Other than spiders, one of my greatest fears is hearing that I taught someone to commit fraud. One of the challenges auditors face is persuading management to implement preventive fraud controls without inadvertently teaching them how to commit the fraud. Unfortunately, sometimes we have to explain in great detail, or worse, show how a fraud can be committed. We worry about this. Well, I worry about this. A lot. Occasionally we find blatant opportunity that we are stunned to realize no one has exploited. The most frequent reasons: ignorance and luck. Not exactly the best controls. Unlike fraud examiners who are called in after a fraud is suspected or has occurred, auditors are frequently identifying the potential for fraud and it is our job to convince management to implement effective controls to ensure that opportunity never manifests into an actual fraud scenario. Here is our dilemma: how do we effectively convince management of the significance of the opportunity for fraud without teaching anyone how to commit the fraud we are working to prevent? The struggle is real.
Several years ago, I worked for an organization that was referred to as having “a very large footprint,” which means we operated in approximately 40 countries on six continents. We had approximately 6,000 cars, trucks and other very large rolling assets all over the world.
The company had just hired a new Director of Fleet Management tasked with implementing standard policies and procedures and standardizing and right-sizing the global fleet to meet the needs of the organization. The company knew that it had an aging fleet which meant disposing of approximately half the fleet and replacing about a third of those disposed assets with new vehicles. There was a lot of moving parts, literally. These expensive assets were constantly moving, oftentimes across international borders and even from one continent to another.

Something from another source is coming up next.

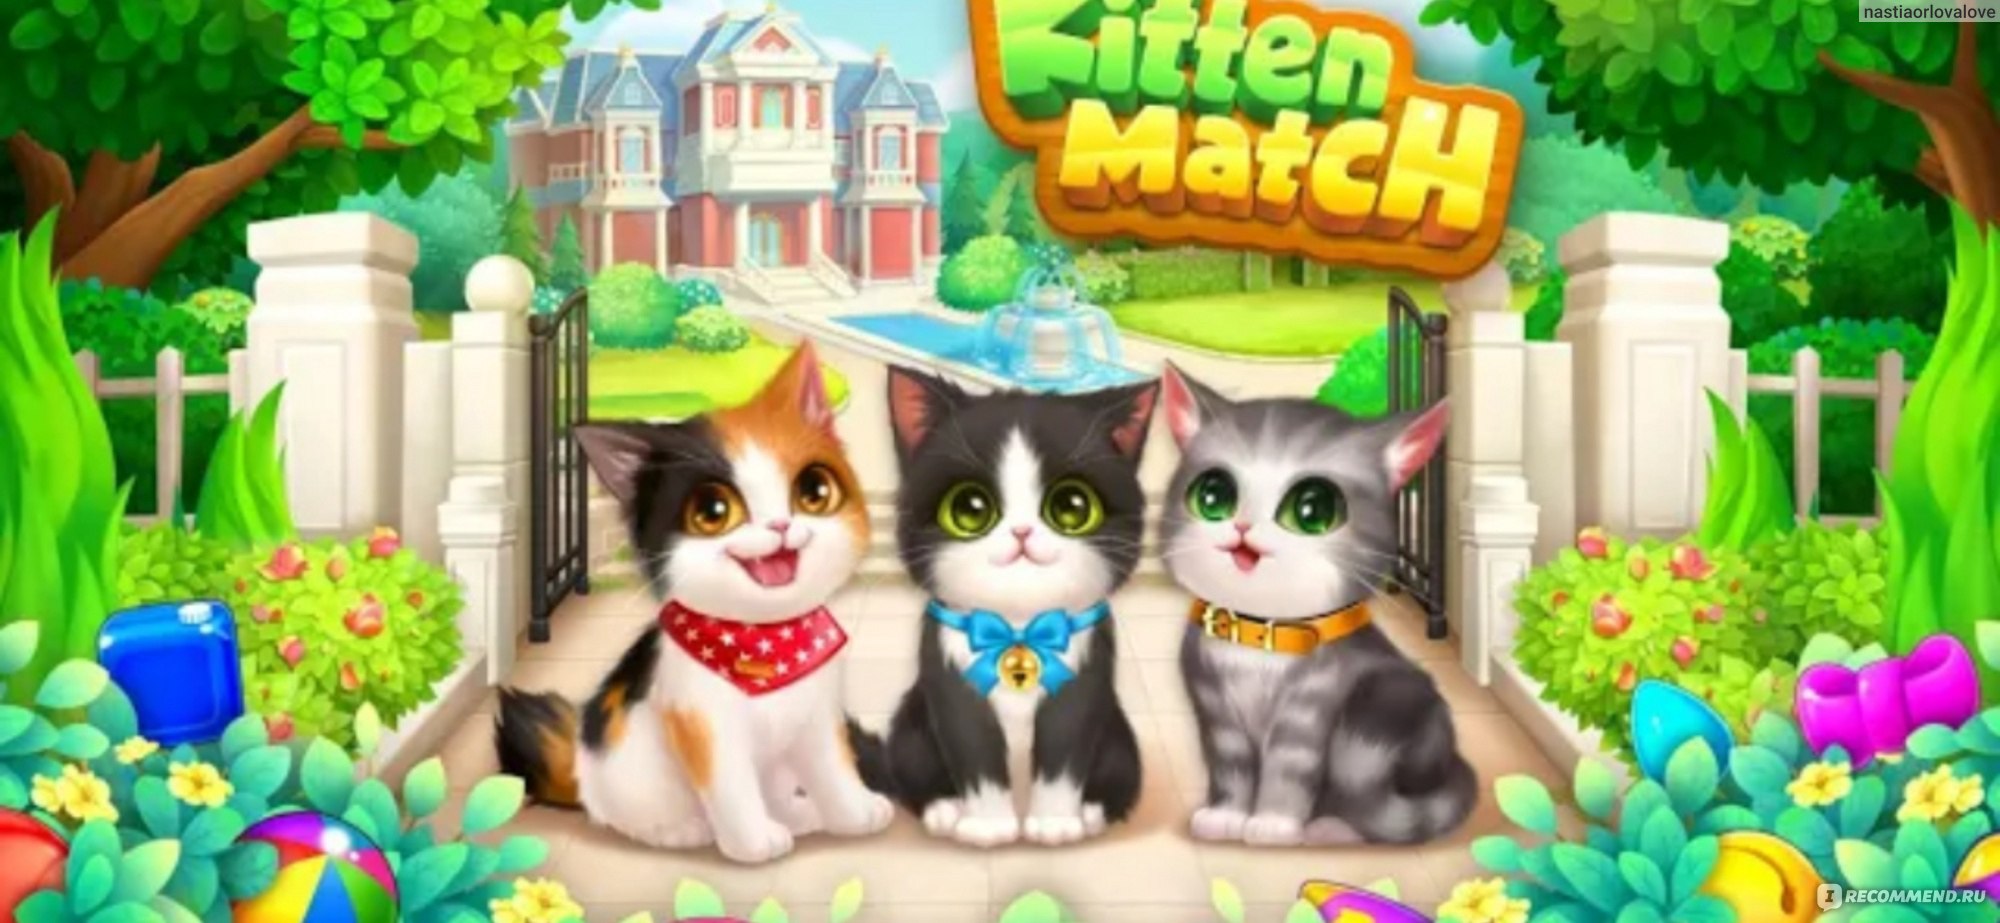 3 котенка играть. Kitten Match игра. Котята из игры Kitten Match. Киттен матч игра. Игра три в ряд с котиками.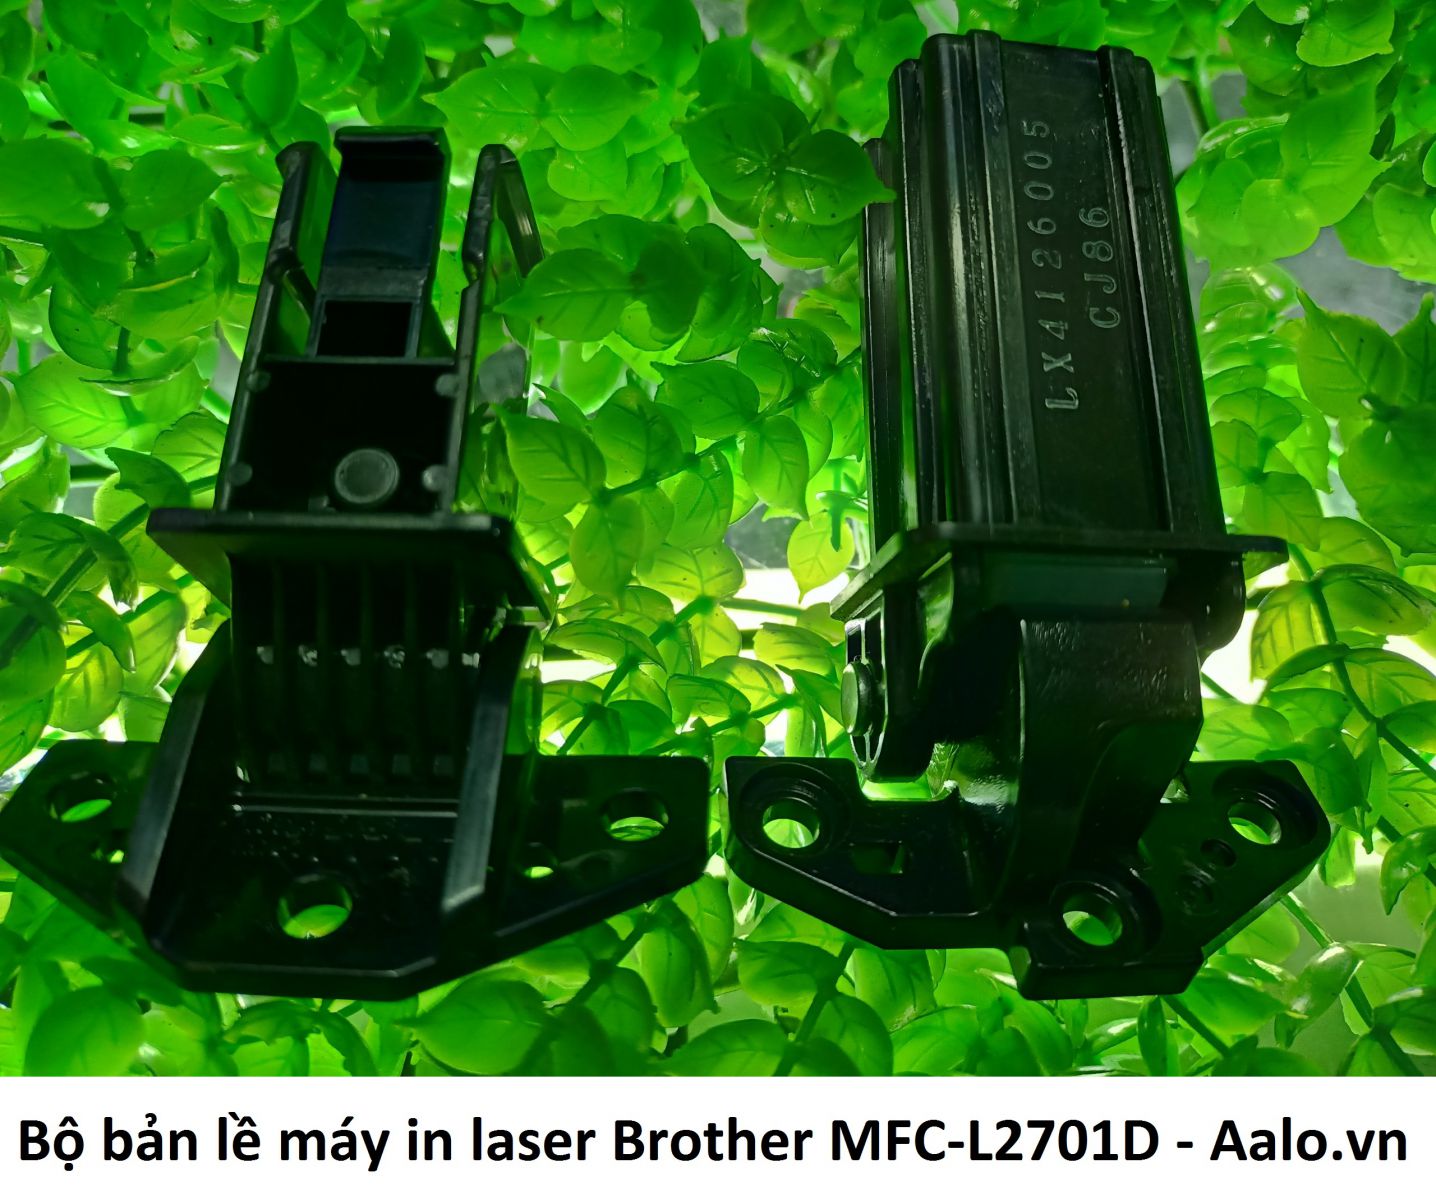 Bộ bản lề máy in laser Brother MFC-L2701D - Aalo.vn

In conjunction with his hiring, my team conducted an entity-wide fixed asset audit for the organization. We wanted to arm him with all the information he needed to improve the operations. Our audit revealed several significant opportunities for waste, fraud and abuse. I personally sat down and went through the entire audit and all of our findings, both significant and not. I spent hours with this individual. My team met with him repetitively. He asked a lot of questions. He was routinely surprised about what we thought was an issue and wanted to know “how” something could be a problem or potential for fraud. We were thrilled that he was so interested with the work we had done and thought it was wonderful that our work was going to strongly contribute to the improvements he was there to make.
In hindsight I now realize he was very curious about “why” we thought there could be a problem in the various areas. We obligingly explained everything. Yay us. Foolish, foolish us.
One of the biggest problems caused by having “a very large footprint” is how long it takes to implement change. More than a year later, operations and management were “still working on it.” Most of those opportunities for fraud still existed. But that was okay, right? After all, we had explained everything to the Director of Fleet Management, and he was aware of all that potential for fraud. Surely he was keeping an eye on everything, right?